I have a set of LED driving lights on my motorcycle that must be wired through a ground-leg pulse width modulation dimmer. The problem is the mounting bracket for the lights is grounded, so the lamp shorts to ground through the motorcycle chassis and the PWM dimmer cant dim the lamps. I had solved this issue by isolating the lamps from the motorcycle's chassis at the mounting point, but this has proved unreliable in the rain, and the brackets I had to use weren't up to the task and eventually broke.
I now need to look at internally isolating the lamp housing from the ground leg of the circuit.

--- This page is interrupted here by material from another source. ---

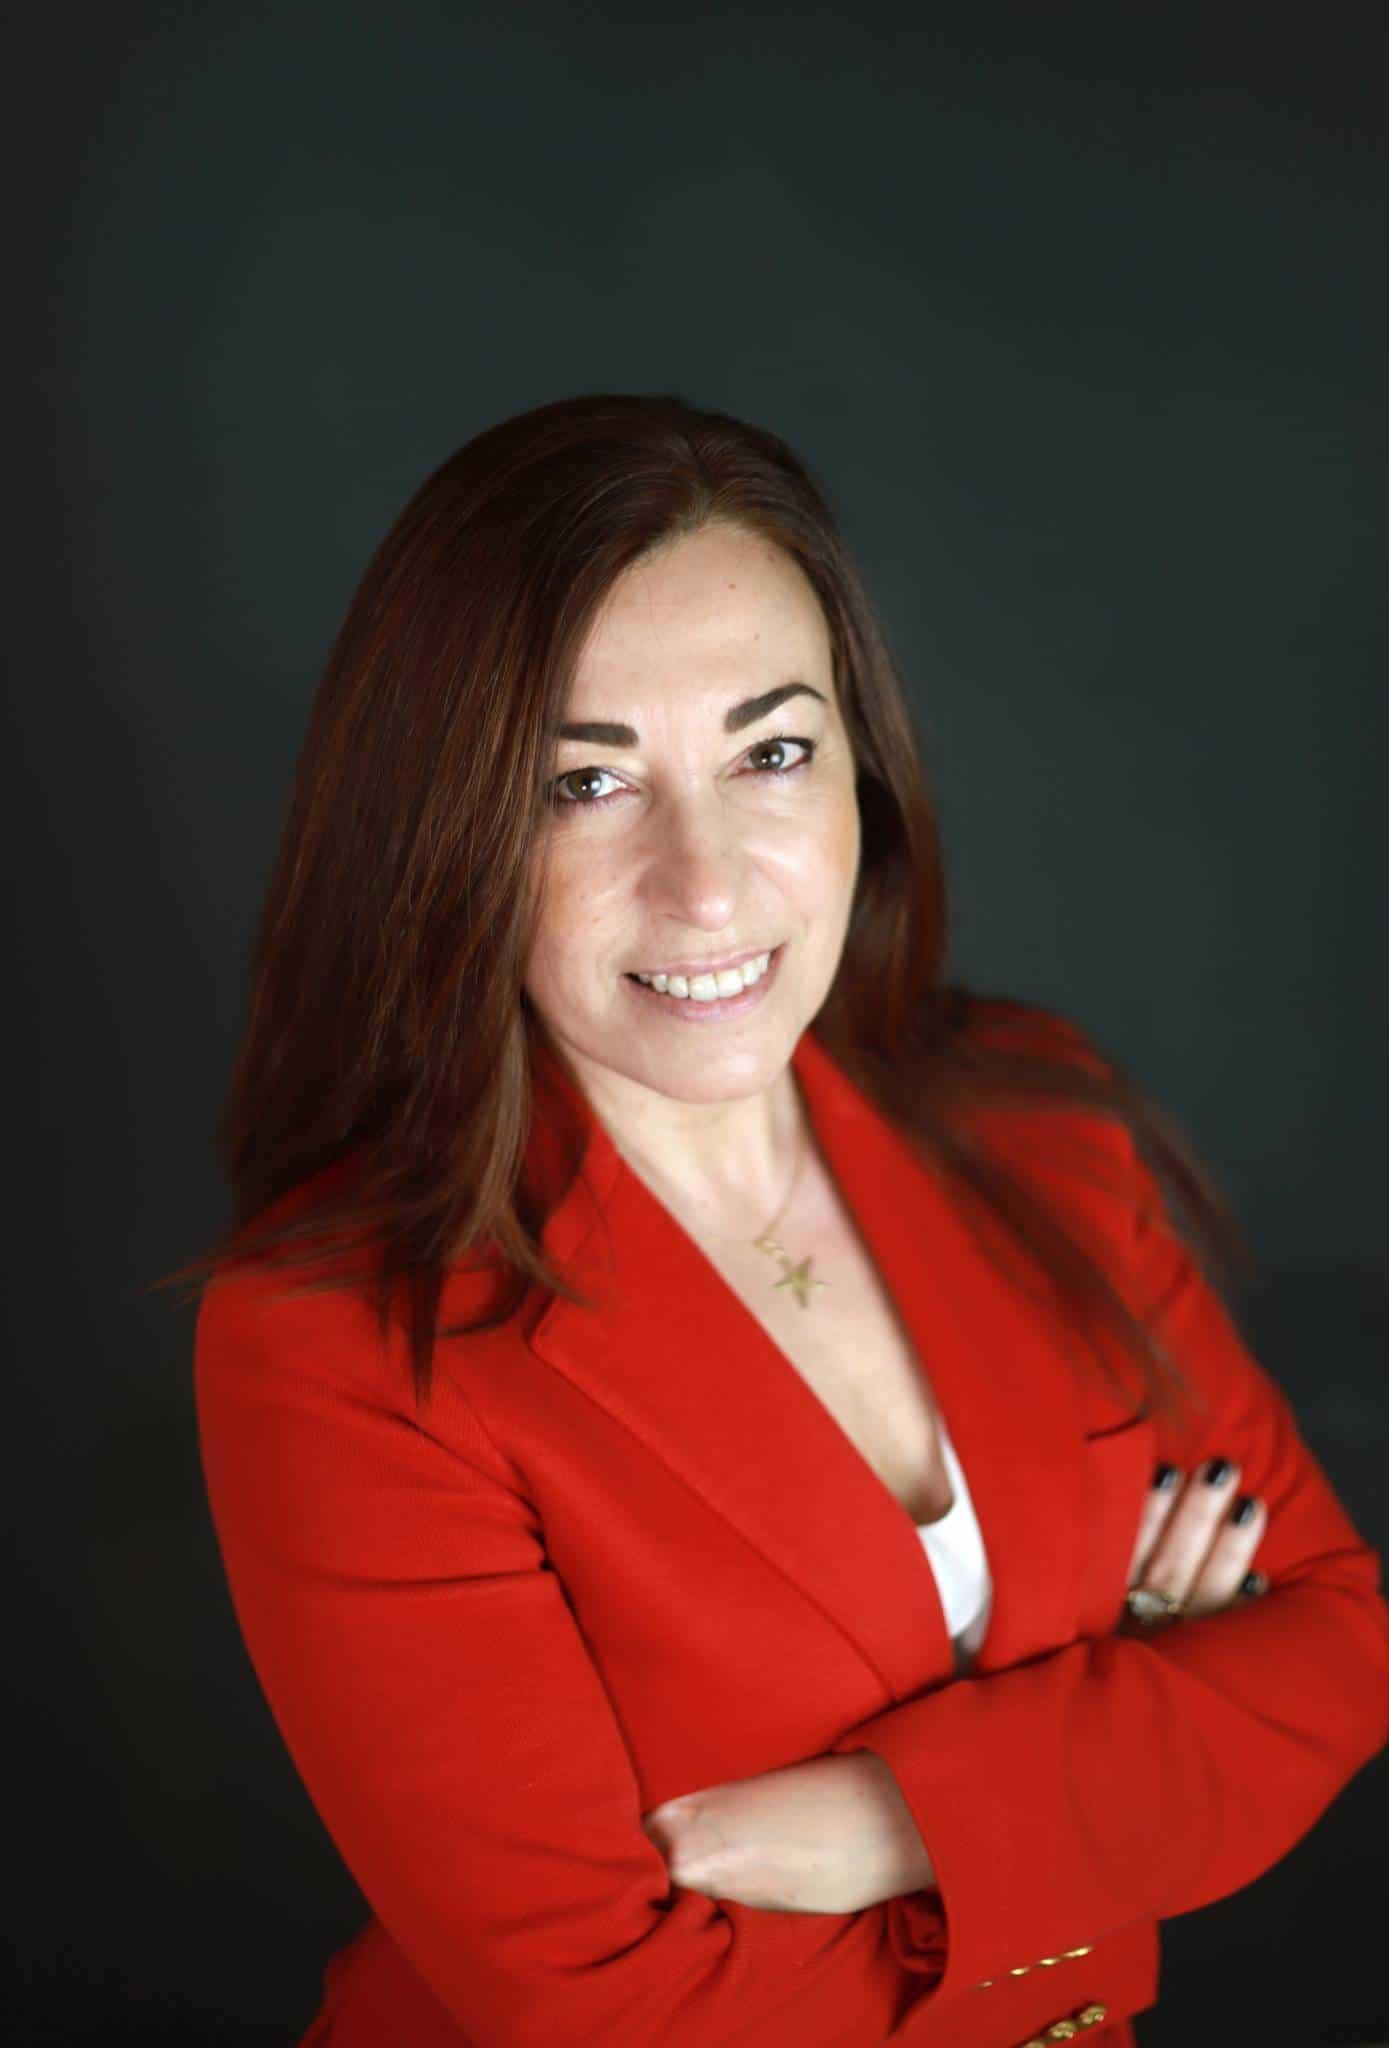 Julia Santos, Sales Manager de Dynatrace

I had hoped that when I opened up the lamp there would be a separate grounding lead screwed to the light housing that i could simply disconnect, but it appears that the housing is grounded simply by the contact between the PCB and the housing, plus the PCB mounting screws.
My first thought was to just put some small rubber o-rings between the PCB and the housing, and switch from steel to nylon screws for mounting the PCB, but then I remembered that the LEDs need a thermally conductive path to the housing for cooling.
So the question: how to provide a thermally-conductive, electrically-insulated mount for this PCB?
I've seen mention of mica washers, some mention of electrically-insulating heatsink compound, but nothing that seemed authoritative enough to scream "answer."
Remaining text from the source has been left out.